Ve doğa, bu kadarını görmezden gelmedi tabii. Sonuç? Kaçınılmaz olan oldu. Şiddetli seller ve önüne geçilemez heyelanlar, iki güzelim Karadeniz ilini adeta bir savaş alanına çevirdi. Rize'nin İyidere ve Derepazarı ilçeleri, suyun ve çamurun gücüne yenik düştü. Yollar artık yok, ulaşım tamamen felç oldu. Araçlar sular altında kaldı, evlerin alt katlarındaki dükkanlar ve iş yerleri, gelen ani su dalgasıyla adeta yok oldu.
Artvin'in Arhavi ilçesi de bu doğal furyadan nasibini aldı. Burada durum biraz daha farklı; heyelanlar başrolde. Toprak kaymaları yüzünden ulaşımın sağlandığı kritik yollar ulaşıma kapatılmak zorunda kaldı. İnsanlar evlerinde mahsur kaldı, dışarıyla bağlantıları koptu. Kim bilir, belki de en çok da o anları yaşayanlar, doğanın ne kadar acımasız olabileceğini bir kez daha anladı.

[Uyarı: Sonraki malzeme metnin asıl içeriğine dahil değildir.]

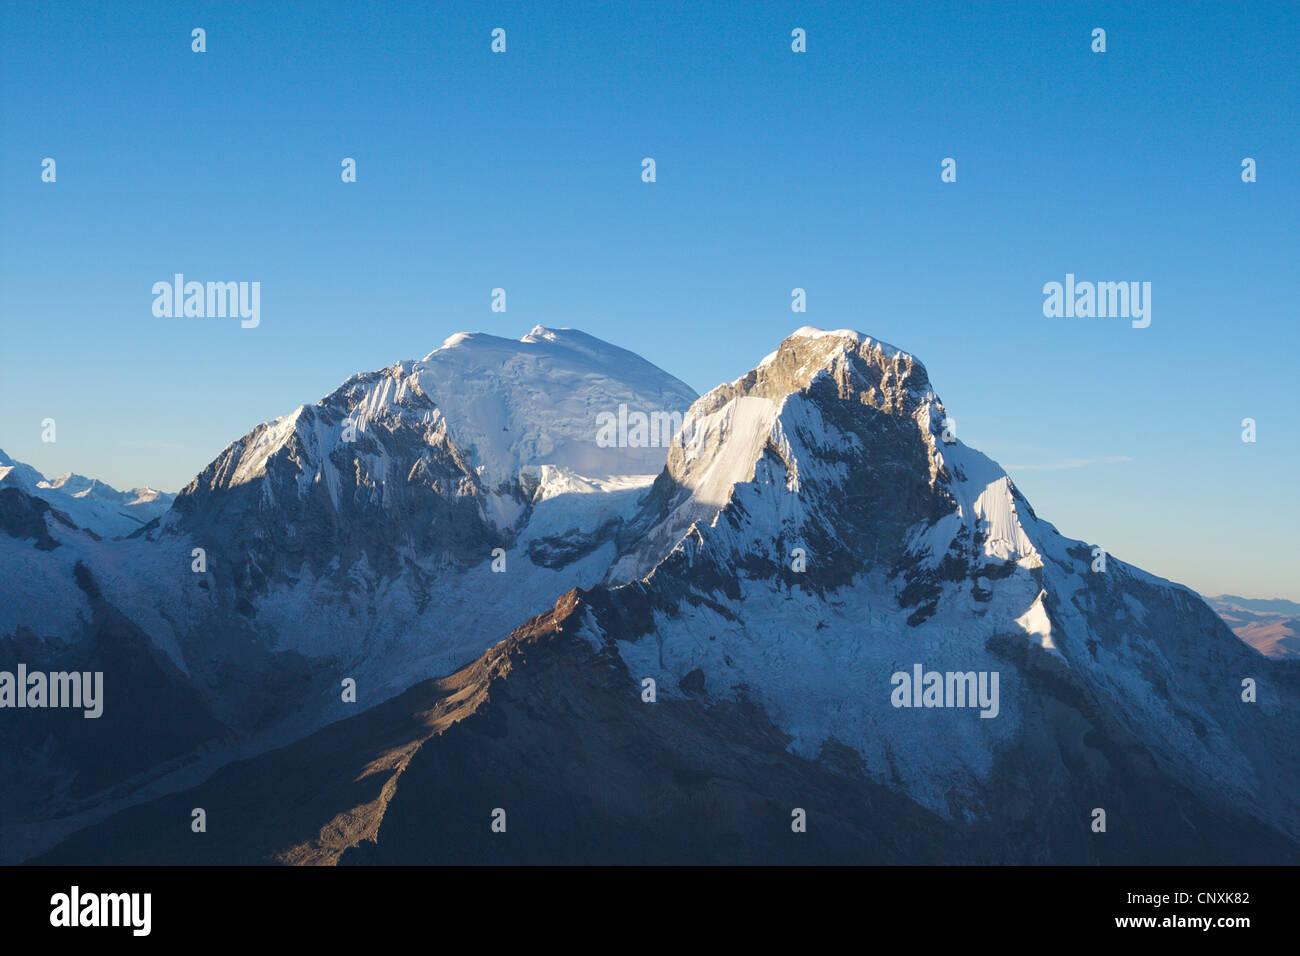 view from Navado Pisco to Huascaran, Peru, Andes, Cordillera Blanca Stock Photo

İtfaiye ekipleri ve AFAD görevlileri, sabahın ilk ışıklarıyla birlikte bölgeye intikal etti. Hava koşulları hâlâ zorlu olsa da, insanüstü bir çabayla çalışmalara başladılar. Mahsur kalan vatandaşları kurtarmak, yıkıntılar arasında sıkışıp kalanlara ulaşmak için seferber oldular. İnsan, böyle anlarda dayanışmanın ve görevlilerin özverisinin ne demek olduğunu bir kez daha hatırlıyor.
Peki, bu kadar yağışın sebebi ne? Meteoroloji uzmanları, bu olağanüstü durumu Karadeniz üzerindeki aşırı nemli hava kütlesi ve yerel konvektif faaliyetlerin birleşmesi olarak açıklıyor. Yani, basitçe söylemek gerekirse, tüm koşullar mükemmel (ya da berbat) bir fırtına için bir araya gelmiş. Uzmanlar ayrıca, iklim değişikliğiyle birlikte bu tür aşırı hava olaylarının sıklığının ve şiddetinin artmasının beklendiği konusunda uyarıyor. Korkutucu, değil mi?
Bölge sakinleri ise şok ve endişe içinde. Hayatlarını bir anda altüst eden bu felaketin yaralarını sarmaya çalışıyorlar. Maddi kayıplar bir yana, yaşanan psikolojik travmanın etkileri çok daha uzun sürecek gibi görünüyor. Bu, sadece bir haber değil, yüzlerce insanın gerçek hikayesi.